Maxime Détaille
Maxime Détaille

Reputation: 11

Elasticsearch [5.4] scoring by word position in a sentence

I search a solution for my search engine based on ES 5.4. I need when my users wrote a request, to gave a better scoring if one of my results starts with the same words.

Its pretty logic "for me" that when my client write "disque de frein" in my search bar, all first results used to be

"disque de frein pour golf"
"disque de frein pour porsche"
"disque de frein pour audi"
then
"protection de disque de frein"

But now, the last results get a better score than the others.

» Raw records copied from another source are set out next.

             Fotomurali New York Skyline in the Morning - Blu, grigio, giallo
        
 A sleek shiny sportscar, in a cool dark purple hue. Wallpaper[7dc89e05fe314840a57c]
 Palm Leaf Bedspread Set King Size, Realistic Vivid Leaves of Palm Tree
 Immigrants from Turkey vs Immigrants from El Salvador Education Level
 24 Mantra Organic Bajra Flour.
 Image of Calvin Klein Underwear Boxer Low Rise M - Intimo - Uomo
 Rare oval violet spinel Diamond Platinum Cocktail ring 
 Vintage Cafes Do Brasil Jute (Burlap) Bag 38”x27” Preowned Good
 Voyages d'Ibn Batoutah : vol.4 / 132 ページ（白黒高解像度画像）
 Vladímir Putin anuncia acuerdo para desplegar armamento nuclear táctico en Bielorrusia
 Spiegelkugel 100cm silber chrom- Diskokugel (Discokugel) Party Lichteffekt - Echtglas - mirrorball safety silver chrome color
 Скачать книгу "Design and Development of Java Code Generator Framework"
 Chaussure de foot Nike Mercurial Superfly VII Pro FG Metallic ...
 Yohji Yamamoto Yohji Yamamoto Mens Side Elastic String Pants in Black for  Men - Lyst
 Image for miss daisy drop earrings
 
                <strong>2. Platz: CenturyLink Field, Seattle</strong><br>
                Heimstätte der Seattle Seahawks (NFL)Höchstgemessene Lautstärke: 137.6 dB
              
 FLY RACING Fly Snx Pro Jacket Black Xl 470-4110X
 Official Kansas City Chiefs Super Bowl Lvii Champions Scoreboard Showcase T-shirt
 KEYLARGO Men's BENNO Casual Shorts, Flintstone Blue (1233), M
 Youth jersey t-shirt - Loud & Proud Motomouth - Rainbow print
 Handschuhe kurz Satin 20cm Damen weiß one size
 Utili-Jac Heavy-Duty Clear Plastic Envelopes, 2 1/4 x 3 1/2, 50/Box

By the way, i use FOSElasticaBundle, but i just need to know how i could get the good results.

There is my query :

{
  "query":{
    "bool":{
      "should":[
        {
          "match":{
            "produitLibFr":{
              "query":"disque de frein"
            }
          }
        }]
    }
  }
}

results :

{
    "_index": "app",
    "_type": "produit",
    "_id": "41666191",
    "_score": 10.558487,
    "_source": {
      "produitRef": "FA42436",
      "produitLibFr": "Pied à coulisse pour disques de frein",
      "produitLibEs": "",
      "produitLibGb": "",
      "produitLibNl": "",
      "produitLibPt": ""
    }
  },


{
    "_index": "app",
    "_type": "produit",
    "_id": "41666369",
    "_score": 10.5379715,
    "_source": {
      "produitRef": "FA43075",
      "produitLibFr": "Module freins à disques",
      "produitLibEs": "",
      "produitLibGb": "",
      "produitLibNl": "",
      "produitLibPt": ""
    }
  },

{
    "_index": "app",
    "_type": "produit",
    "_id": "67938479",
    "_score": 9.800581,
    "_source": {
      "produitRef": "GH28306",
      "produitLibFr": "Disque de frein arrière pour Scirocco & Corrado",
      "produitLibEs": "1 Disco de freno trasero para Scirocco & Corrado",
      "produitLibGb": "1 Rear brake disc for Scirocco & Corrado",
      "produitLibNl": "1 remschijf voor de achterrem voor Scirocco & Corrado",
      "produitLibPt": ""
    }
  }

And I want the last one being in the first position ...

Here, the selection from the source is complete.